I have heard frequently that if you ask an undercover cop ‘Are you a cop’ they have to answer truthfully. Now, I don’t buy this for a number of reasons. What is more interesting, is that one friend of mine said an undercover cop could ask ‘Can you get me high’, and that wouldn’t constitute entrapment (but saying he wasn’t a cop would).
Can you shed some light on this? I’m fairly certain about the ‘Are you a cop’ bit, but I’d like some clarification about how entrapment works. If I follow a cop doing 80mph (no lights, etc), can I get off the hook?
Surprise – undercover cops are allowed to lie. The old adage that you can ask a undercover cop “are you a cop” and find out the truth is absolutely bogus – at least according to a cop who called in to the KROQ morning show, and even a trivial amount of common sense.
When judging such issues, one simple method is to ask yourself: “if this were true, what would the result be, and does that match reality?” Here goes: if you could ask a cop “are you a cop” and he had to say “yes,” every criminal in the country would very quickly learn this, and it would be the first question they ask anyone they met, certainly before they did anything illegal. Being an undercover cop would quickly become useless, as there would be no way to hide one’s identity. Now – does this match reality? I leave that answer up to you.
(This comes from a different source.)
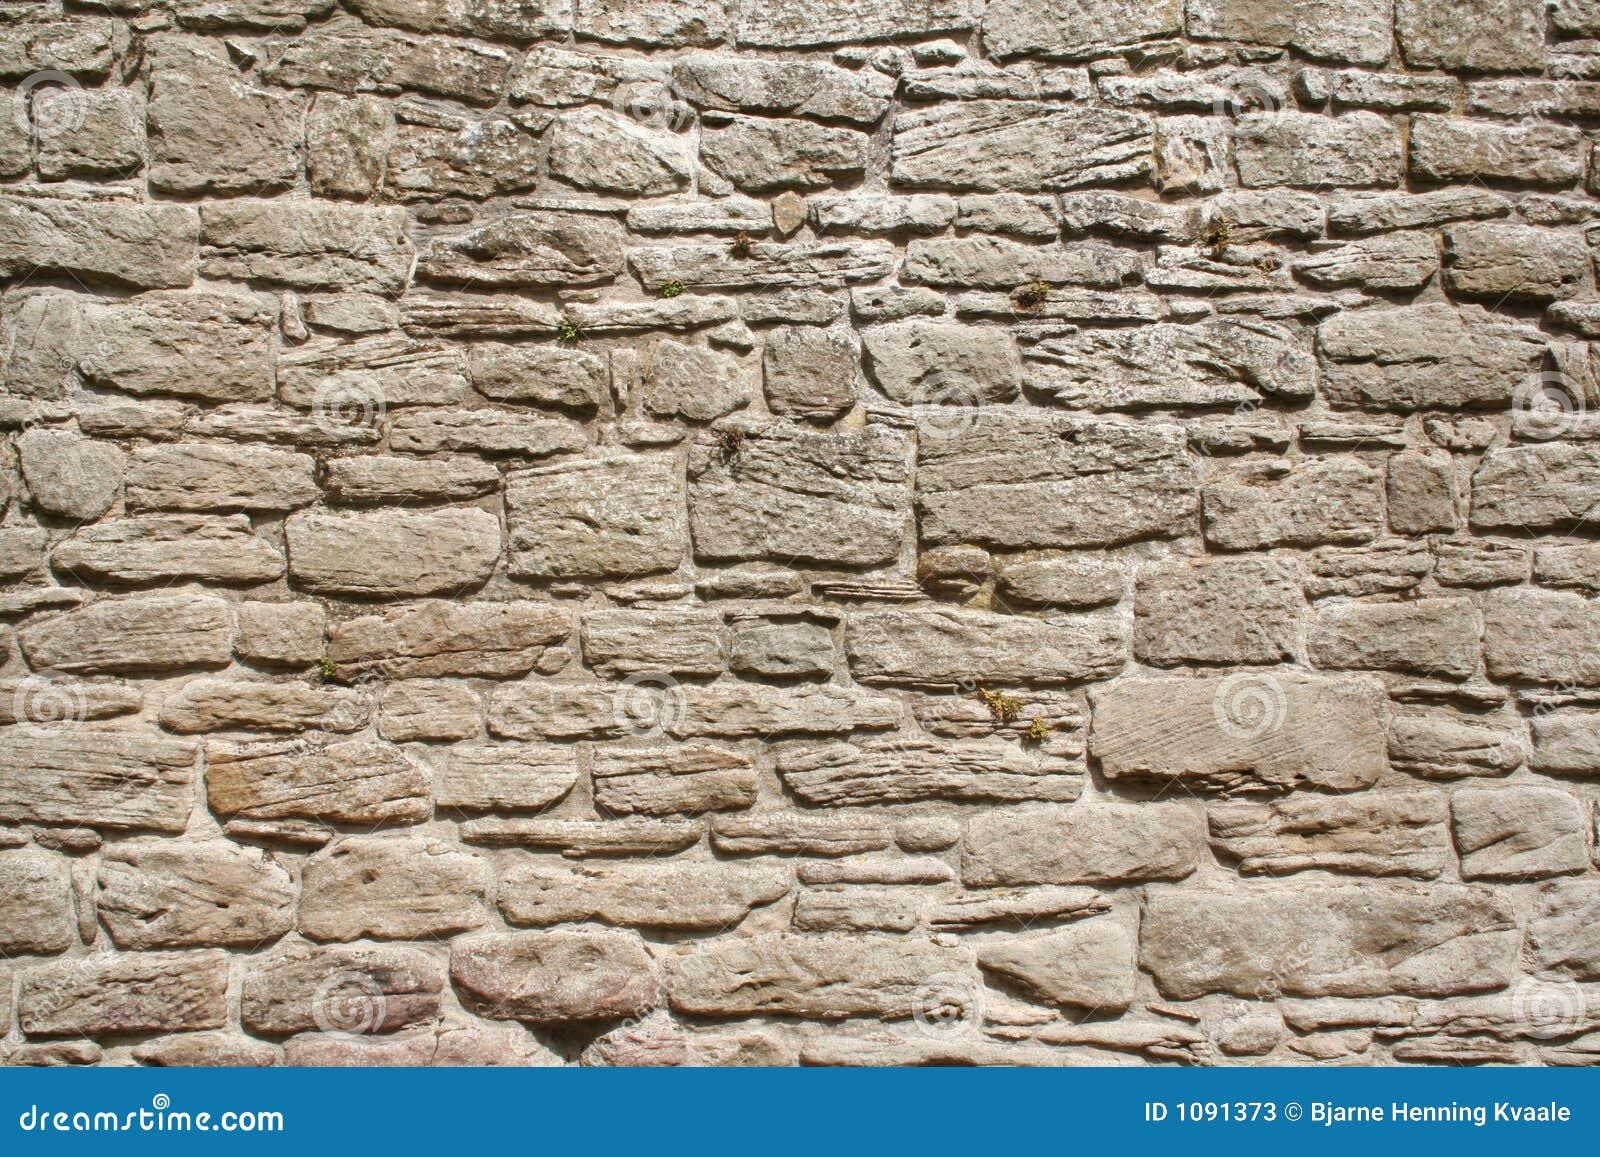 Graue 3d steinwand – sehremini

Entrapment is a totally different issue. My understanding is it is entrapment only if a cop somehow persuades you to do an illegal act. For example, the police in the San Fernando Valley (Los Angeles area) opened up a “fencing” operation for stolen goods. They carefully kept track of their “customers,” and ultimately made many arrests. This was not entrapment because the perps (oh – cop lingo) were thieves regardless of the police department’s actions, even though fencing itself is illegal. However, if the police were to recruit someone off the street and ask them to rob a house, that would be entrapment. These are fairly black-and-white situations, but I suspect a lot of entrapment issues are not. There is probably a litmus test for entrapment, but I really don’t know what it is.
Now, the question of can an undercover cop ask you to get him high at least raises an interesting question: can you use a carefully constructed entrapment issue to deduce whether someone is or is not a cop?